As the only AAA Five Diamond restaurant in New Jersey, The Dining Room was taking a bit of a risk fiddling with an established success. But it was time, says Edie Turna, director of sales and marketing for the hotel. “As our culture and the business traveler in particular have evolved, dressing more casually and more casual in their approach to fine dining, we thought it was time to relax and lighten up the look of the room — make it a more approachable elegance.” Heavy fabrics and traditional English hunting prints were traded for lighter fabrics and more contemporary art. An acoustical guitarist replaced the harpist.

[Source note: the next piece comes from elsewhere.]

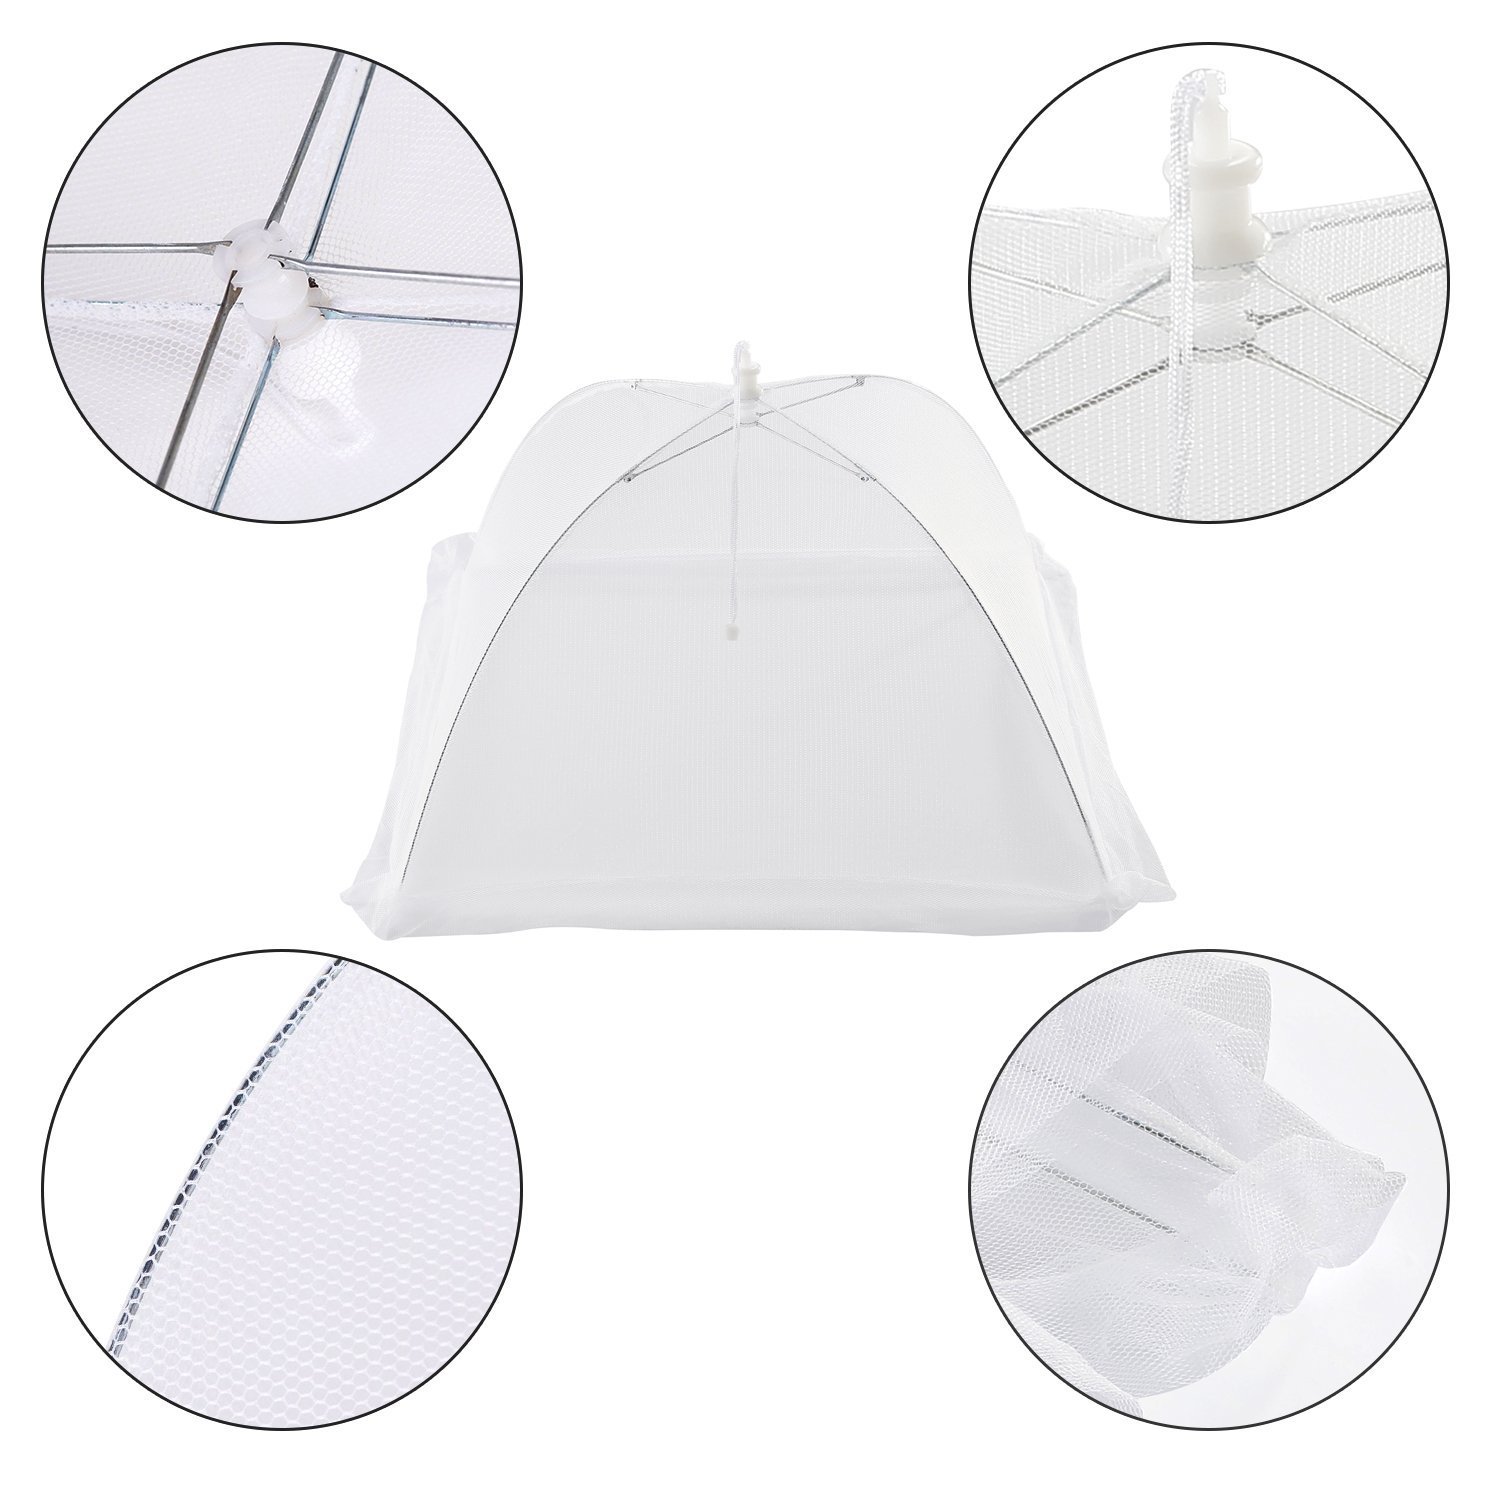 8 Packs Large Pop-Up Mesh Screen Food Cover Tents - Keep Out Flies, Bugs, Mosquitos - Reusable

When reconsidering the wait staff's attire, management first replaced the tuxedos with a traditional suit (at this time the staff is all male). But it still didn't look right, relates Turna — “they looked liked accountants.” Turna turned to a resource practically in the hotel's backyard — the upscale Mall at Short Hills with its extensive collection of high-end retailers. She was connected with the owners of the Hugo Boss store and subsequently worked out an arrangement where the hotel would host the store's annual holiday party and partner with the Hugo Boss brand through amenities and various hotel/store packages in return for the retailer outfitting the wait staff.
It was a win-win situation for both the hotel and the retailer.

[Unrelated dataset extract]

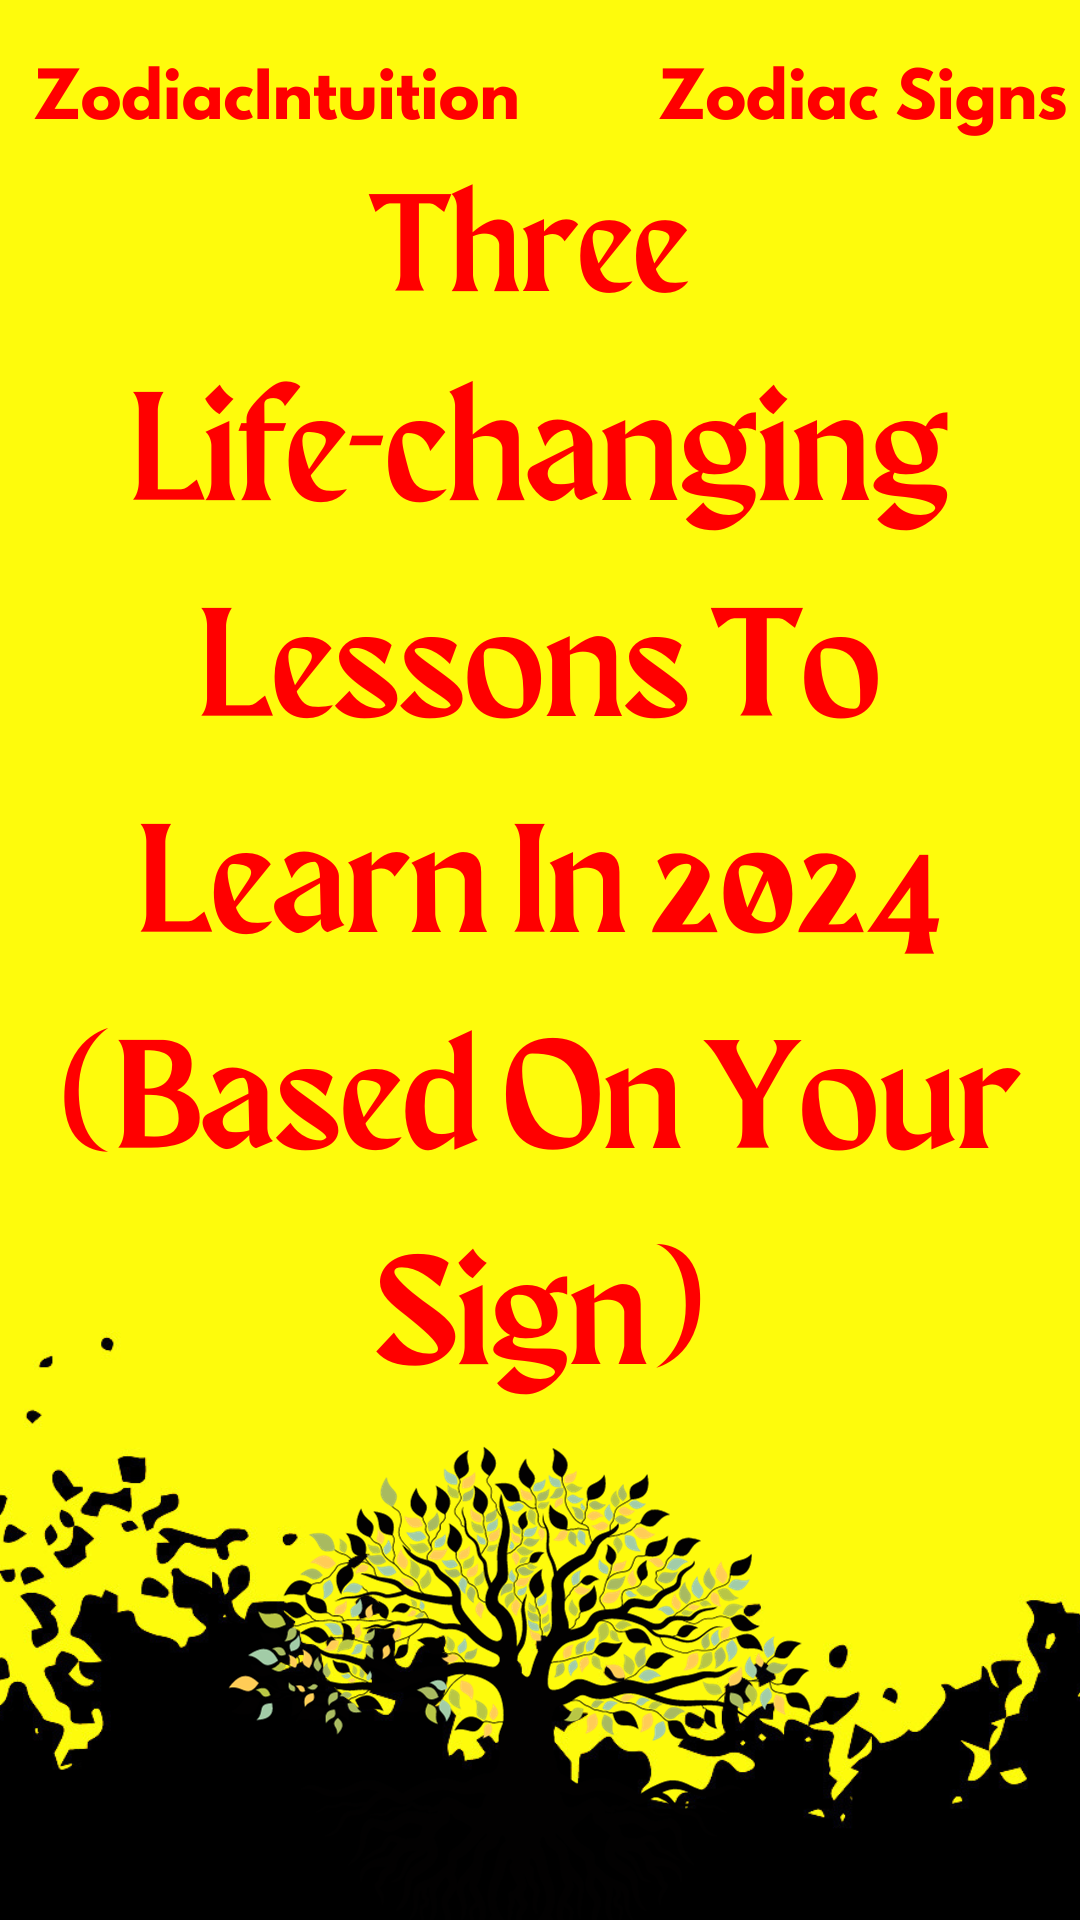 Three Life-changing Lessons To Learn In 2024 (Based On Your Sign)

The suit is a simple, basic black three-button with besom pockets and no vent. Corozzo buttons grace the sleeves and breast. The trousers feature a single pleat, and besom pockets and are lined to the knee for comfort and wearability. The four-season fabric is 100-percent crepe wool with a natural stretch that lends mobility and breathability to the fabric. Each year, with the release of a new Hugo Boss line, The Dining Room updates the suits. This year wait staff are wearing shirts in a soft clay, accented by ties with broad diagonal stripes of wine and copper.
Since switching to the suits in late 2003, the restaurant has received plenty of positive feedback from patrons, who find the attire elegant and professional, without being stuffy. The suits are contemporary yet classic and match The Dining Room's new image.
And the staff's reaction? “They feel great, look sharp and are positive about the change,” reports Turna.